Summarize a data matrix

Description

Helper function to work in conjunction with GetMatrix or similar to obtain a summarized matrix.

Usage

Summarize(mat, summarize.mat)

Arguments

mat

the matrix to summarize

summarize.mat

the matrix defining how to summarize (see details)

Details

The summarize.mat can be obtained via GetSummarizeMatrix. If there are missing (NA) values in the matrix, they are imputed from the rest (average)

Value

the summarized matrix


Obtain the indices of the given genes

Description

Genes can be referred to by their names, symbols, row numbers in the gene table, or a logical vector referring to the gene table rows. This function accepts all these possibilities and returns the row number in the gene table for the given genes,

Usage

ToIndex(data, gene, regex = FALSE, remove.missing = TRUE, warn = TRUE)

Arguments

data

The grandR object

gene

A vector of genes.

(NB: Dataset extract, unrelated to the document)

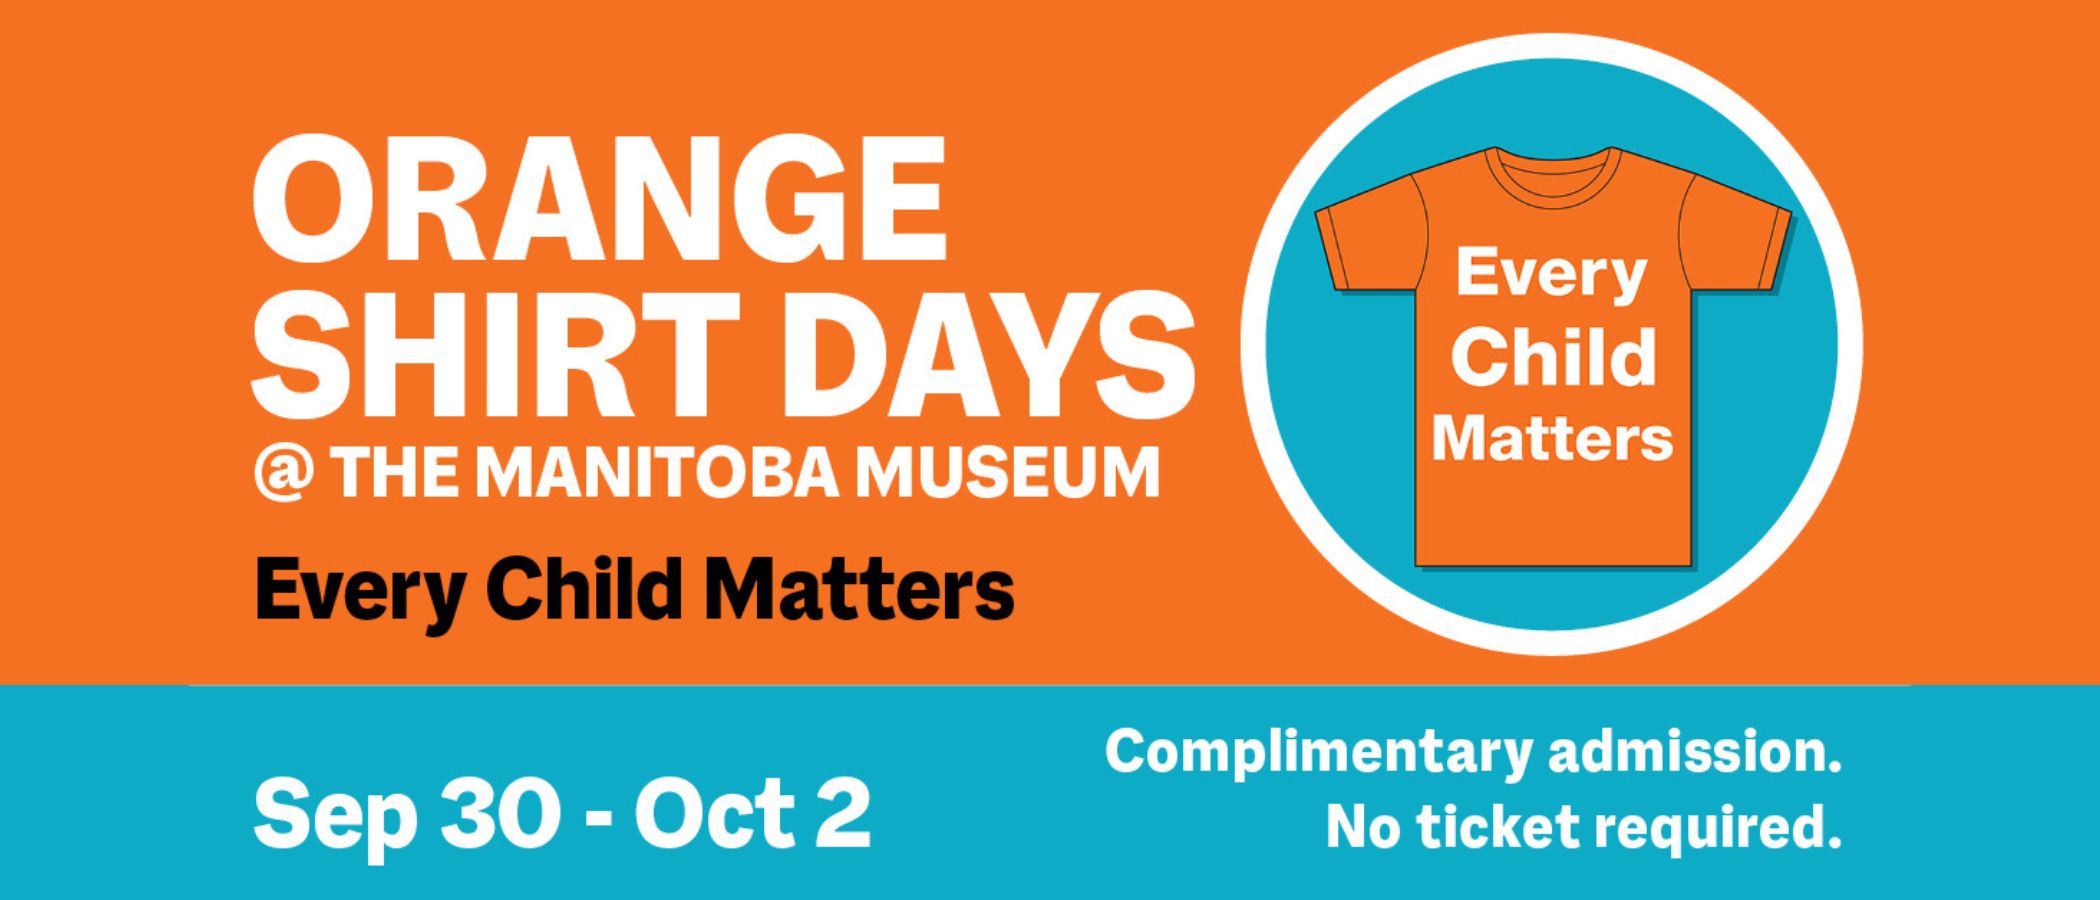 Word graphic. An orange t-shirt with “Every Child Matters”. Text beside it reads “ORANGE SHIRT DAYS @ the Manitoba Museum / Every Child Matters / Sep 30 – Oct 2 / Complimentary admission. No ticket required.”

Can be either numeric indices, gene names, gene symbols or a logical vector

regex

Treat gene as a regex and return all that match

remove.missing

if TRUE, do not return missing genes (return NA otherwise)

warn

if TRUE emit a warning if not all genes are found

Value

Numeric indices corresponding to the given genes

See Also

GeneInfo

Examples

sars <- ReadGRAND(system.file("extdata", "sars.tsv.gz", package = "grandR"),
                  design=c("Cell",Design$dur.4sU,Design$Replicate))
ToIndex(sars,c("MYC"))
ToIndex(sars,GeneInfo(sars)$Symbol=="MYC")


Transformations for PlotHeatmap

Description

Functions to perform transformations on the matrix used for PlotHeatmap.

Usage

Transform.no(label = " ")

Transform.Z(label = "z score", center = TRUE, scale = TRUE)

Transform.VST(label = "VST")

Transform.logFC(label = "log2 FC", LFC.fun = NULL, columns = NULL, ...)

Arguments

label

label that is used for the heatmap legend

center

perform centering when computing Z scores (see scale)

scale

perform scaling when computing Z scores (see scale)

LFC.fun

function to compute log fold changes (default: PsiLFC, other viable option: NormLFC)

columns

which columns (i.e. samples or cells) to use as reference when computing log fold changes (see details)

...

further parameters passed down to LFC.fun

Details

These functions should be used as transform parameter to PlotHeatmap. Available data transformations are

The label to be used in the heatmap legend can be changed by specifying the label parameter.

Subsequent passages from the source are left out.